Sunday 25th October 2020
quotequote all
Elysium said:
Sticks. said:
Elysium said:
I think it’s reasonable to expect the person who is ultimately in charge of the NHS to take feedback from frontline staff seriously, particularly in this incredibly difficult situation.

Your ‘nothing to see here’ approach is baffling.

I honestly feel like someone watching people slowly wake up from some sort of mass psychosis. It’s as if everyone has been under mind control and they are slowly coming round but still unaware of what has happened.

I would not believe it was possible if I was not living through it.
Get real, you think he has time to sit and read letters from a GP? Not busy, no, nothing else to do. rolleyes

Baffling? Mind psychosis? Given how you've been sucked in by the DM cranking your chain, that's ironic. They know, as I do, how ministerial correspondence is handled, but won't let that get in the way of a good story.
The letter was signed by 66 doctors and it set out detailed concerns about the impact of current policies.

It is precisely the sort of correspondence ministers should take very seriously indeed.
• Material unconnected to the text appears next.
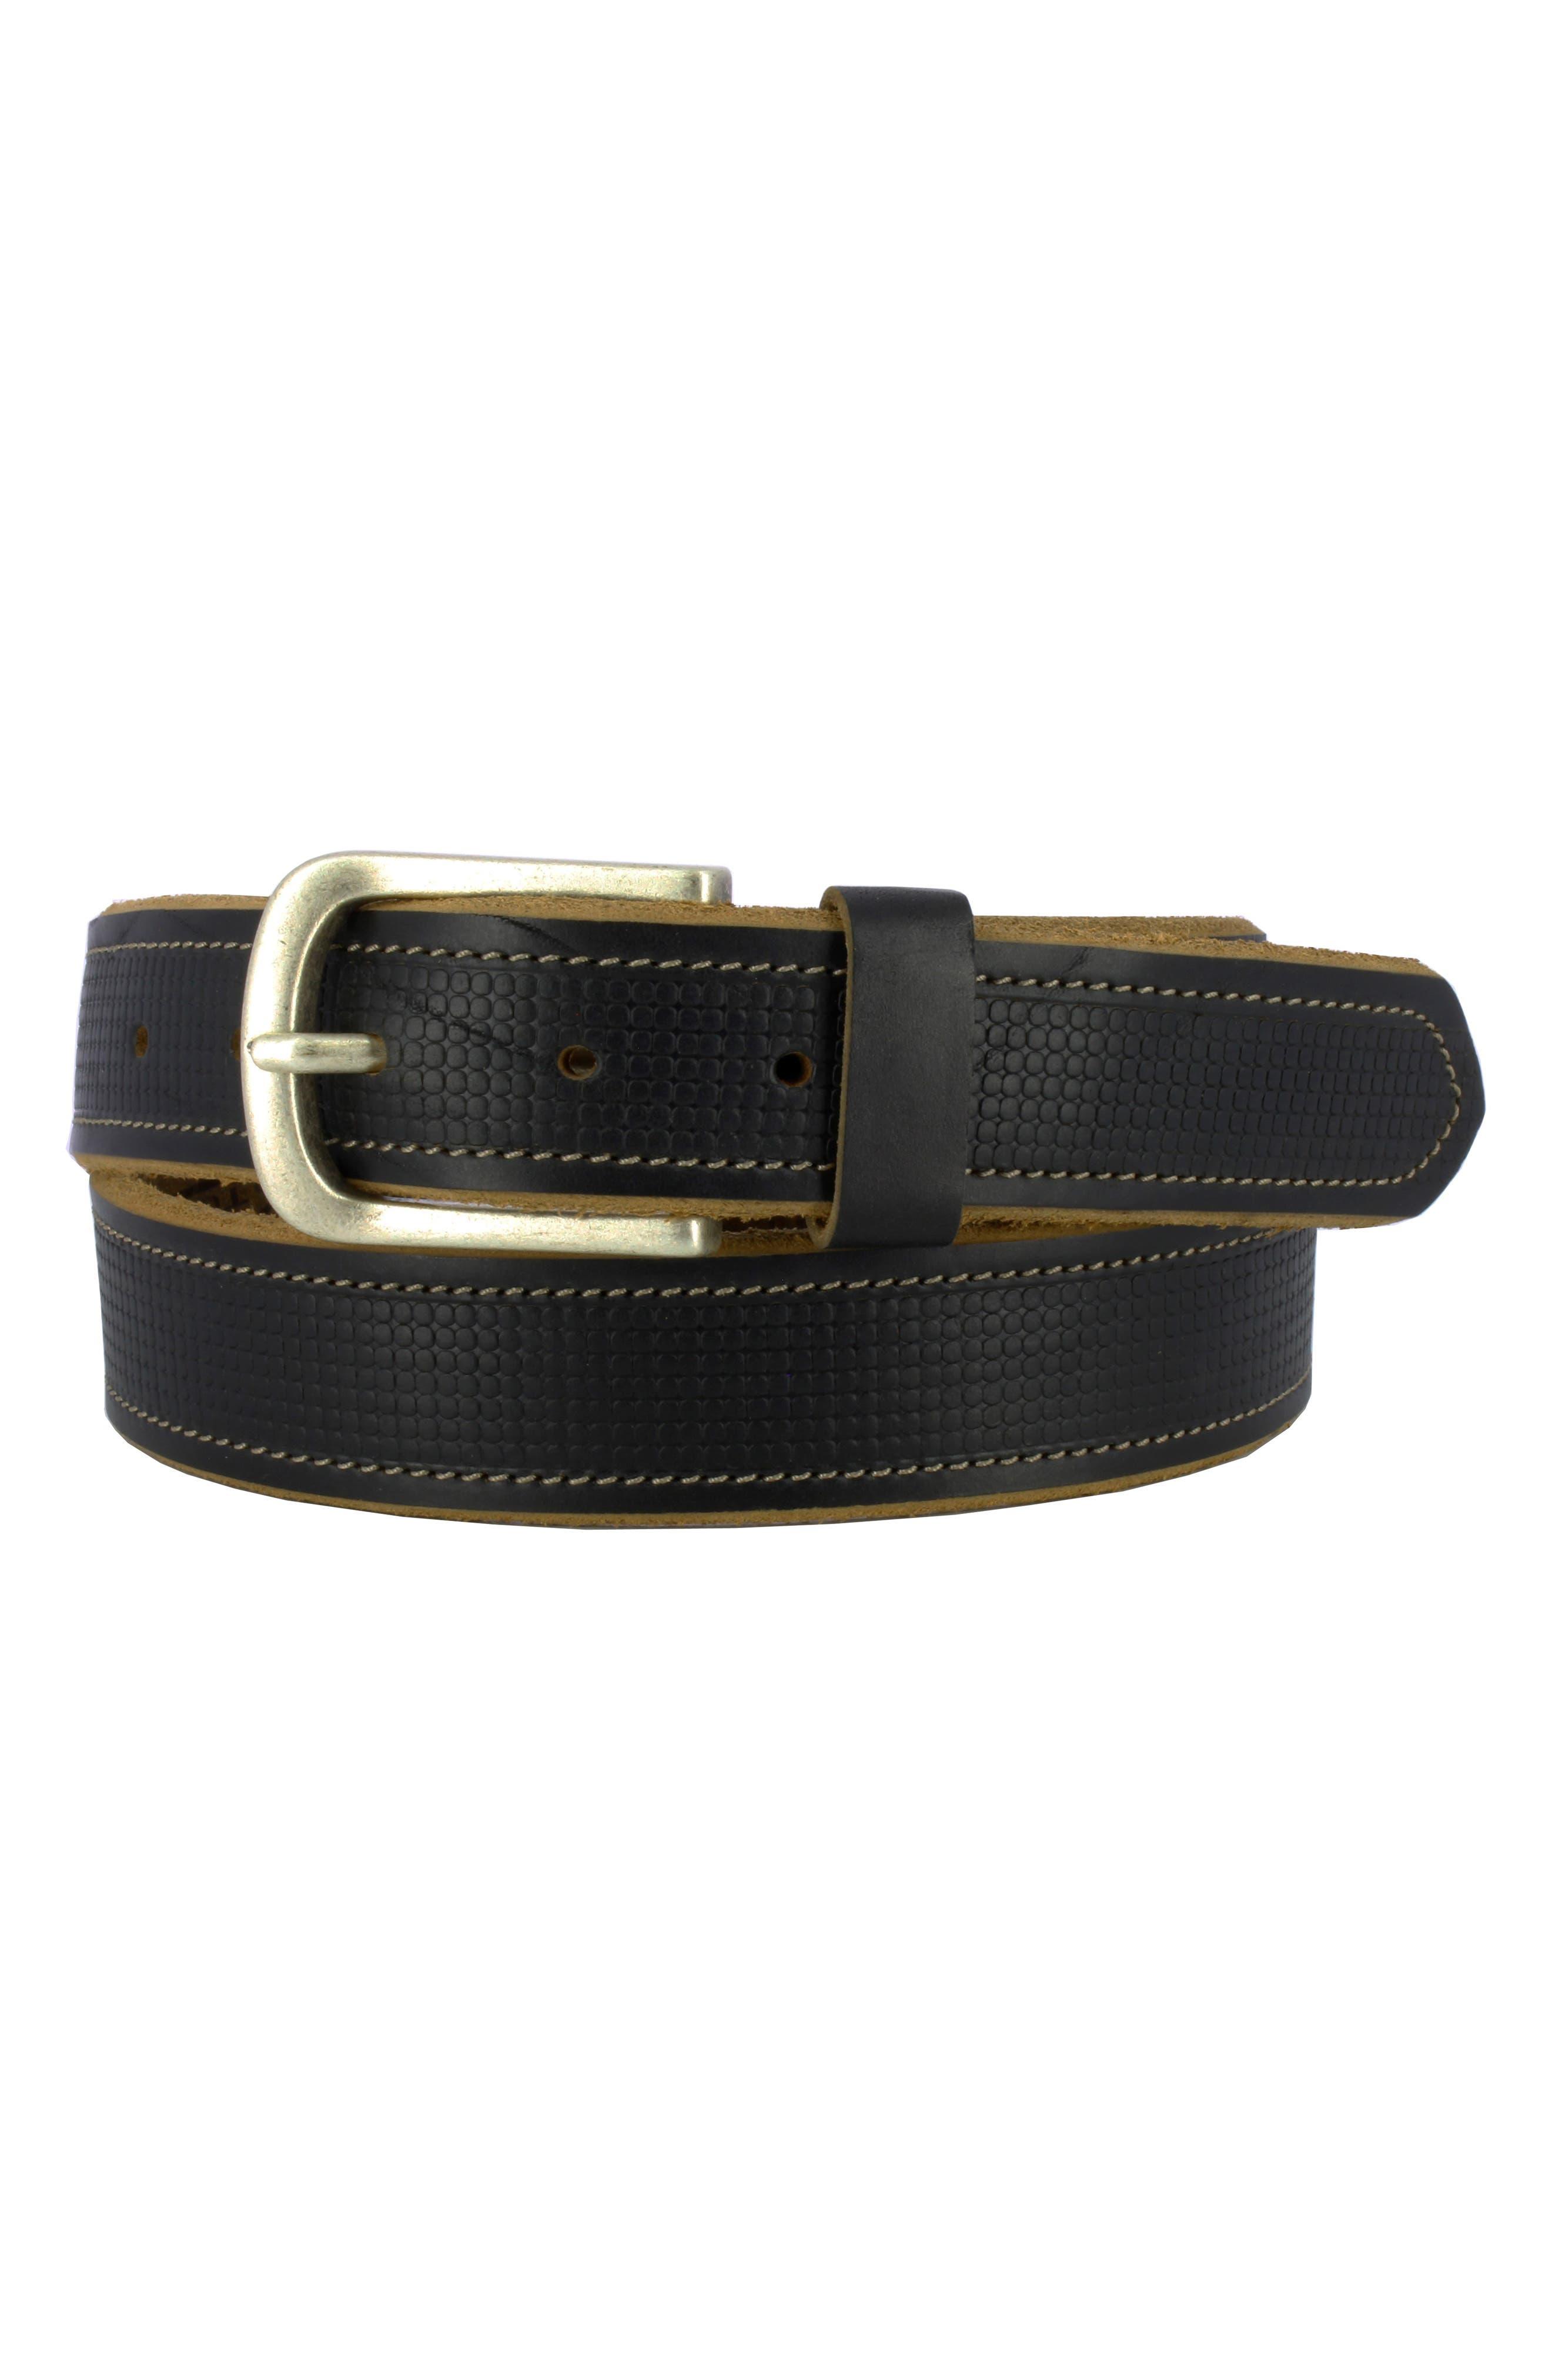 Sixx 2 Horween Leather Belt,                             Main thumbnail 1, color,                             BLACK

A superficial response cobbled together from old speeches might be enough to satisfy a member of the public, but not 66 frontline medics who know exactly what they are talking about.
The letter wasn't signed by 66 GPs

'Cobbled together from old speeches' is wasn't. But that's a quote from her Twitter page - did you cut and paste it? wink

Civil servants are employed to decide the level at which correspondence is answered, that's their job.

You don't think the DM has an angle here? Looks like confirmation bias to me.



isaldiri

18,632 posts

169 months

Sunday 25th October 2020
quotequote all
Elysium said:
Last post on the matter from me. That is not all you said. You explained it away as a ‘quirk’. You invented an external factor that would allow you to dismiss the data that did not fit your preconceptions. It’s classic confirmation bias. And as I predicted you doubled down with a silly attempt to argue that even if you did do it, which you aren’t going to admit, I’m worse than you anyway.
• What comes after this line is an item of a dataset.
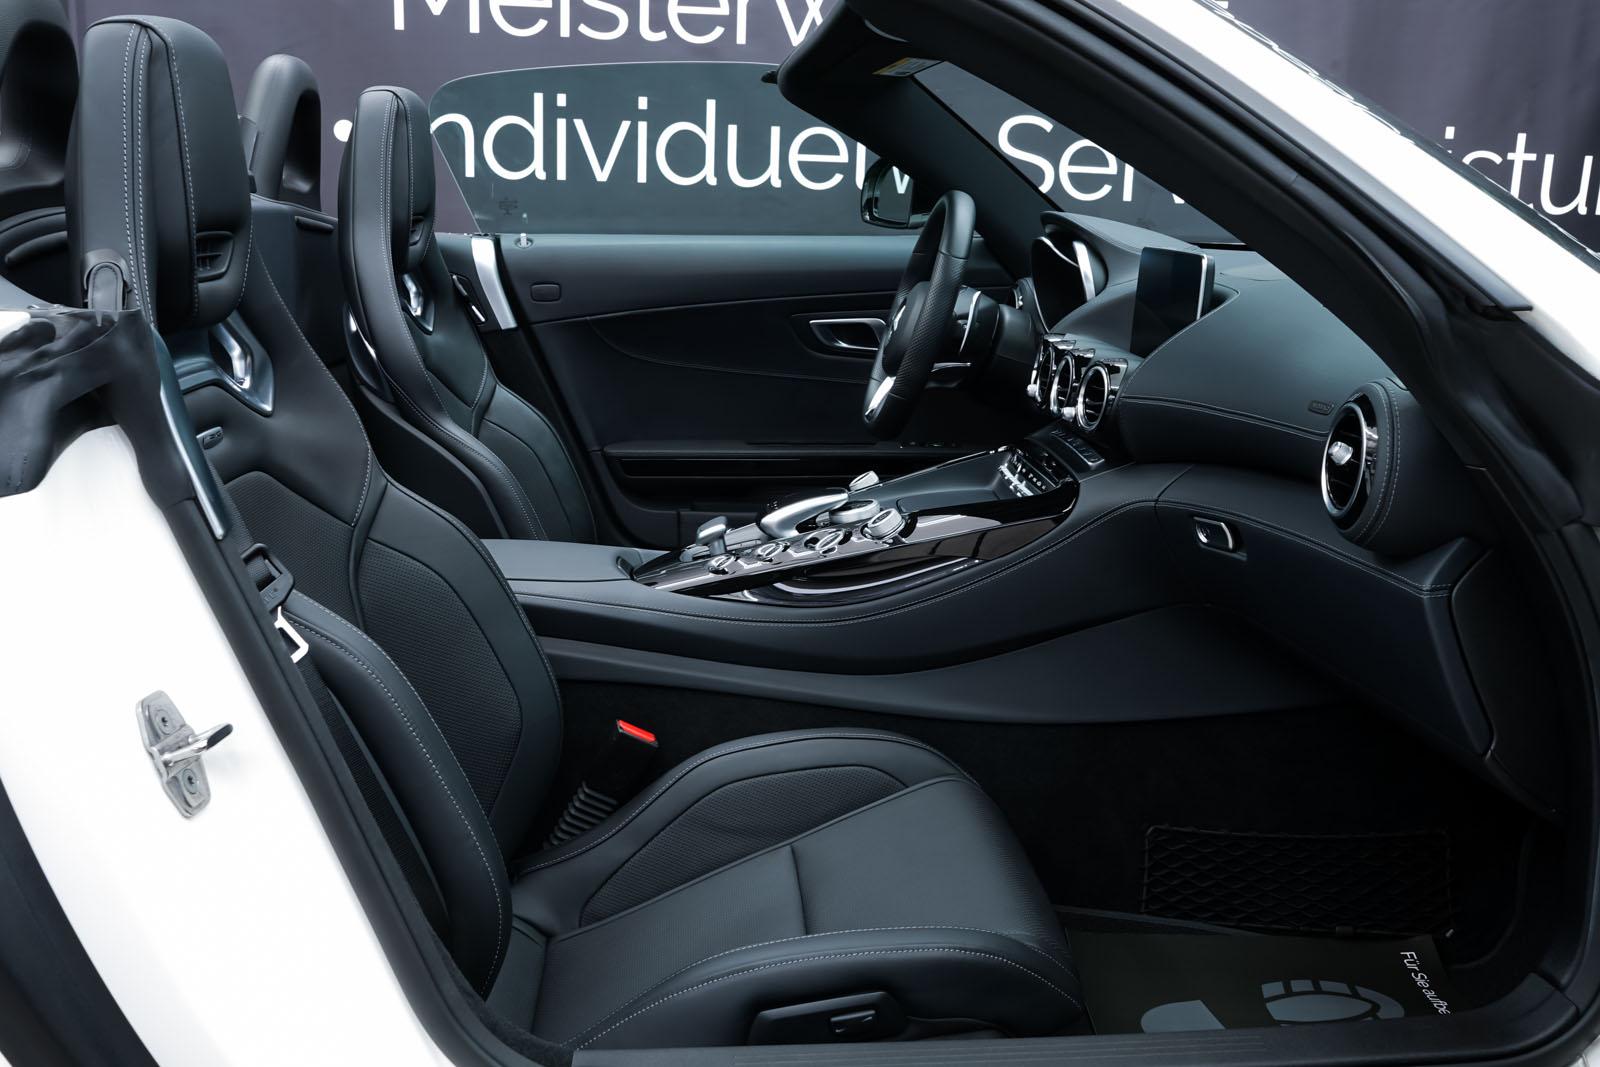 11Mercedes_Benz_AMG_GT_Roadster_Weiss_Schwarz_MB-9710_15_w

It’s an argument a 5 year old would appreciate.
Yes it's the kind of argument you specialise in that I wouldn't insult a 5 year old of making.
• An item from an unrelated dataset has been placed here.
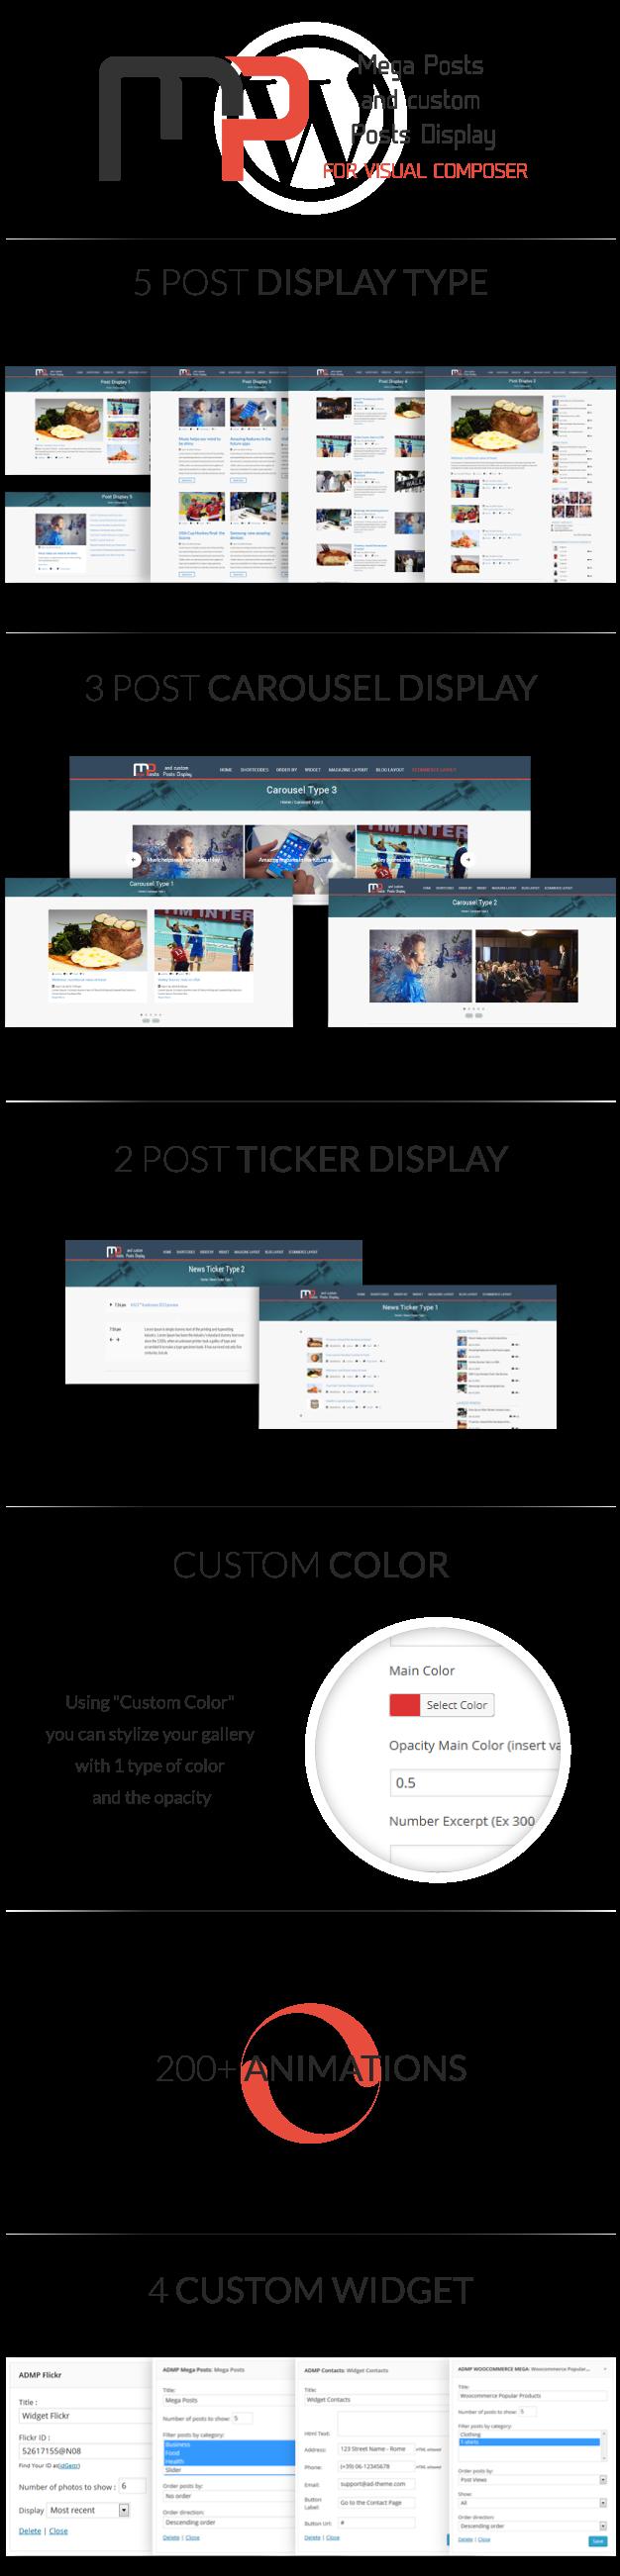 Mega Posts Display for Visual Composer - 1

I rather dislike being misrepresented so let's go back to what I said exactly rather than what you are accusing me of. I said if the survey was accurate it was likely to be just a quirk of that particular sample population (for whatever reason which isn't terribly important) and probably unreflective of the general population prevalence. Because plenty of other general population surveys show exactly that and it seemed unlikely that one very obvious outlier was the true representation of the population as you are claiming.

I don't have a particular preconception of what I want to believe (unlike you I might add) but if one survey shows especially low IFR and very high prevalence vs I don't know heaps of others that show the opposite I think it is reasonable to make a guess which set of numbers is likely to be more accurate.

I am not the one stating that the single study showing very different numbers to just about... every other similar antibody study done anywhere you might want to look in the world is the 'gold dust' that is the one true hallowed truth of the matter like you are. Confirmation bias....? you tell me who's showing it.